● What is expected:
Which of the lines in the listing that follows hold "Stock"? Pull each one out.

● Source information:
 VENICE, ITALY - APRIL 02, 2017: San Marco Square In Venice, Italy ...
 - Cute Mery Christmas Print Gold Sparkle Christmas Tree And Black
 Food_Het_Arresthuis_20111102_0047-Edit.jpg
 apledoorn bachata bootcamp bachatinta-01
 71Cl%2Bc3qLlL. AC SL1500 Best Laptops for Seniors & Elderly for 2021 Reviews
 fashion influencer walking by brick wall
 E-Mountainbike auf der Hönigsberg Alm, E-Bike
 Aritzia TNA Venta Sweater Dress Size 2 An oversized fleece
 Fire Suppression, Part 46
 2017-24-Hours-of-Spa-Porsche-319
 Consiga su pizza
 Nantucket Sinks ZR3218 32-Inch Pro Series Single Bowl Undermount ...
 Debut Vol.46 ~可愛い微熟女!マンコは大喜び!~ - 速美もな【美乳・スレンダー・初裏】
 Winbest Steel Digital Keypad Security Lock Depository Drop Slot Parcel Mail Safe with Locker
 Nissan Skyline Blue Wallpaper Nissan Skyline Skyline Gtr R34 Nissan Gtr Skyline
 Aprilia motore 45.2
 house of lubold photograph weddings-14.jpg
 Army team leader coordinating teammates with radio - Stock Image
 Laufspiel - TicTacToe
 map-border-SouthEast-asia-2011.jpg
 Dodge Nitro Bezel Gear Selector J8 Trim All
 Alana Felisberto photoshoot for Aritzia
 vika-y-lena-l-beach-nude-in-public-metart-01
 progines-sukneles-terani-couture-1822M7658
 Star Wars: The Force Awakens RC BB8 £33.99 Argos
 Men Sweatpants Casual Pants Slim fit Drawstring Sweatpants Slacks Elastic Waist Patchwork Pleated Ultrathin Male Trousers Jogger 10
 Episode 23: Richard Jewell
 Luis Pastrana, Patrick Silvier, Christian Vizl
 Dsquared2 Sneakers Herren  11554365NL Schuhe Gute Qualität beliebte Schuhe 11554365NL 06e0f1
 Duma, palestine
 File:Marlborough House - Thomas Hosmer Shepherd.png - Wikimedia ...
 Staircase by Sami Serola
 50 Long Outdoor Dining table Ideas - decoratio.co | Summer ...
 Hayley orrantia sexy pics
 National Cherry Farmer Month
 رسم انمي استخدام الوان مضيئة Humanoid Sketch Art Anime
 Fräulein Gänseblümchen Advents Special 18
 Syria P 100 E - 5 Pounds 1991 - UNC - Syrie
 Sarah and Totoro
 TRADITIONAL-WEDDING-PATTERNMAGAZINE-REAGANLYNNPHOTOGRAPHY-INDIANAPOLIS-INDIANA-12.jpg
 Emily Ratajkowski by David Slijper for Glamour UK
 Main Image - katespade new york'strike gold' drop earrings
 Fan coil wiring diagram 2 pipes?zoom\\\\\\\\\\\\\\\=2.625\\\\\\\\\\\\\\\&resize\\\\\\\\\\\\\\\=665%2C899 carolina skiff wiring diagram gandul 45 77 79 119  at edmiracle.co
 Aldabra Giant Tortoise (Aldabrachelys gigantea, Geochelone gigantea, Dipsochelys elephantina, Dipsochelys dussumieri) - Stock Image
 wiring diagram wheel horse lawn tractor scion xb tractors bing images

● Exercise response:
 Army team leader coordinating teammates with radio - Stock Image
 Aldabra Giant Tortoise (Aldabrachelys gigantea, Geochelone gigantea, Dipsochelys elephantina, Dipsochelys dussumieri) - Stock Image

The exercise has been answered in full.